American brigadier general

John Nixon (March 1, 1727 - March 24, 1815) was an American brigadier general in the Continental Army during the American Revolutionary War.

He was born in Framingham, Massachusetts on March 1, 1727, to Christopher and Mary Nixon. In 1755, he served in the Massachusetts militia during Sir William Johnson's campaign against the French during the French and Indian War.

In 1775, Nixon had moved to Sudbury, Massachusetts, and was a captain of the town's Minutemen whom he led at the Battles of Lexington and Concord. He and his men fought at Bunker Hill on June 17, 1775; his unit was one of the last to leave the field. After the battle, Nixon was promoted to colonel of the 6th Massachusetts Regiment. Nixon's regiment was placed into Gen. John Sullivan's brigade and took part in the New York and New Jersey campaign during 1776. In August 1776, Nixon was promoted to brigadier general, and he commanded a brigade consisting of the 3rd, 5th, 6th, 7th, and 8th Massachusetts Regiments. He led his brigade in the Battle of Harlem Heights and later in the Saratoga Campaign, when it was reinforced by Cogswell's, Gage's, and May's regiments of Militia. Nixon's brigade was involved in the Battle of Bemis Heights in October 1777, and took part in the final assault; during this attack, a cannonball passed so close to his head that his sight and hearing were affected for the rest of his life. Nixon resigned his commission on September 12, 1780.
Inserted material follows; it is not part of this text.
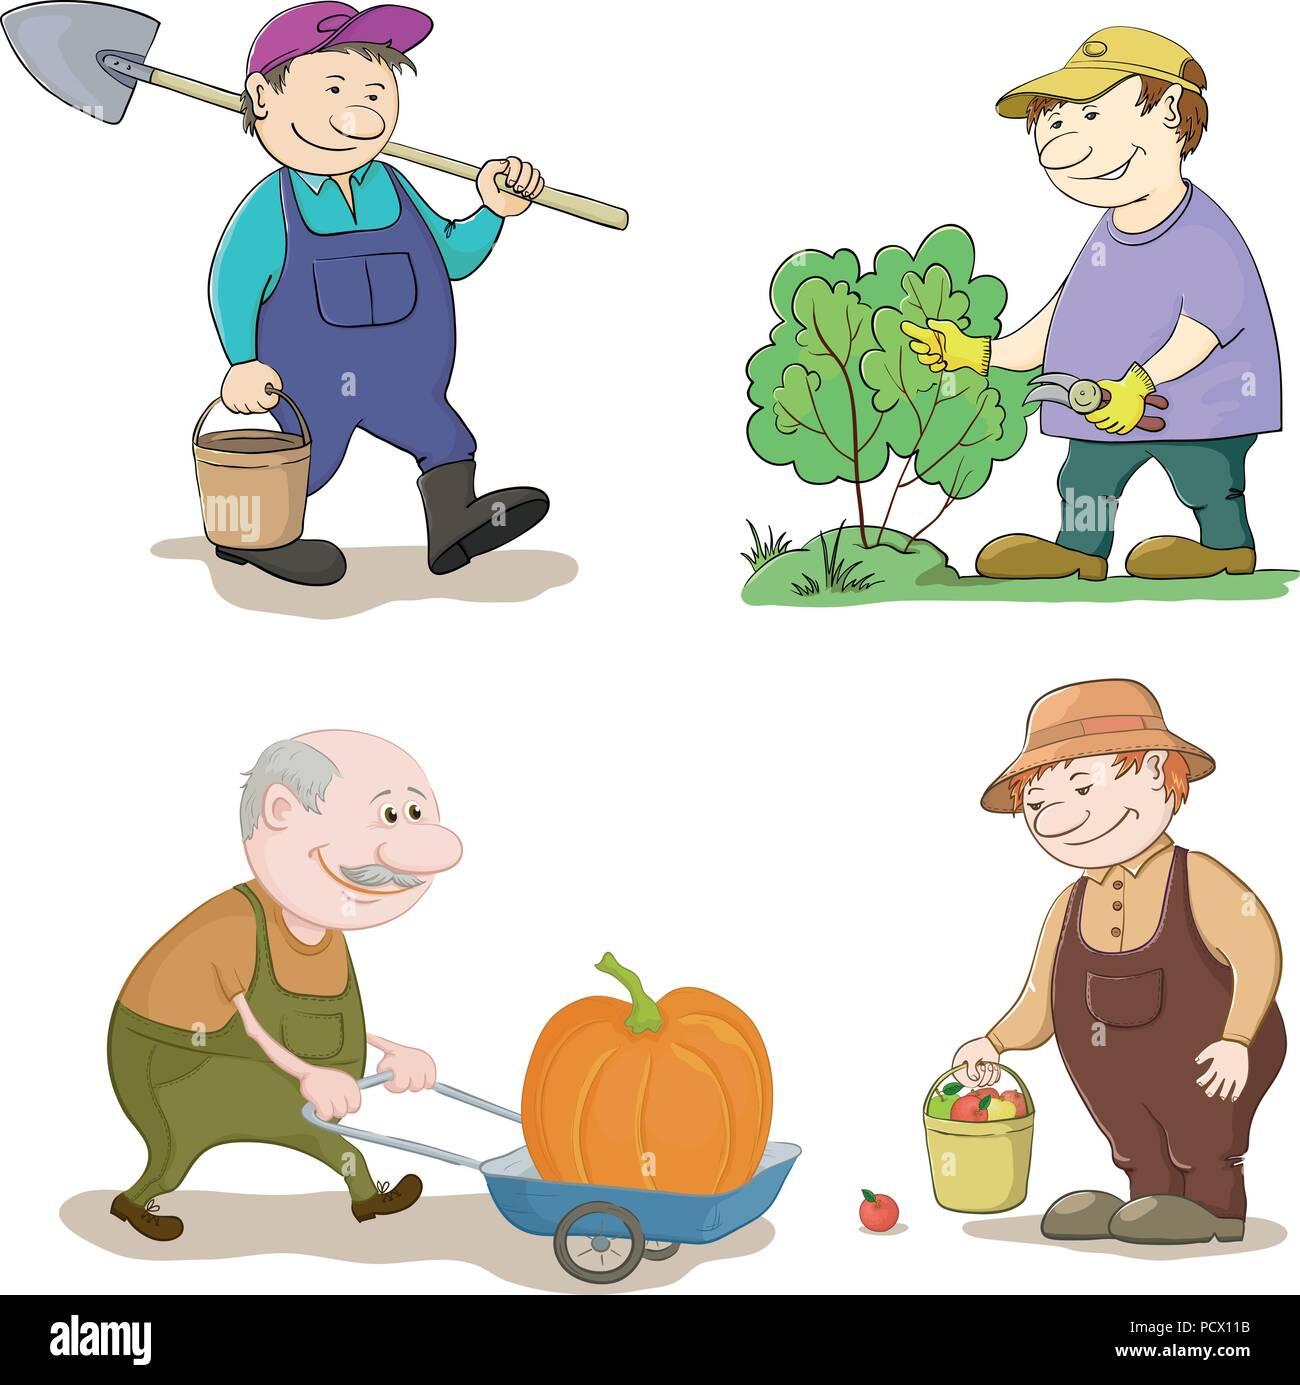 Les Jardiniers, avec Travail de dessin animé un seau et Spade, coupe un buisson avec des sécateurs, porte chariot avec citrouille, avec la récolte de pommes. Vector Photo Stock

Nixon moved to Weybridge, Vermont in 1806 and died while visiting his son in Middlebury on March 24, 1815. He was buried at a cemetery on his farm, which was later incorporated into what is now First Weybridge Hill Cemetery.

==Family==
On February 7, 1754, John Nixon married Thankful Berry (1735-1776), also of Framingham. In 1778, he married Hannah Gleason (1744-1831), the widow of Capt Micajah Gleason, who was killed at the Battle of White Plains in 1776.

==Legacy==
General John Nixon Elementary School in Sudbury, Massachusetts, is named in his honor, as is Nixon Road in Framingham, Massachusetts. On Nobscot Hill in Framingham, there is a trail named after him that leads to the ruins of his house site.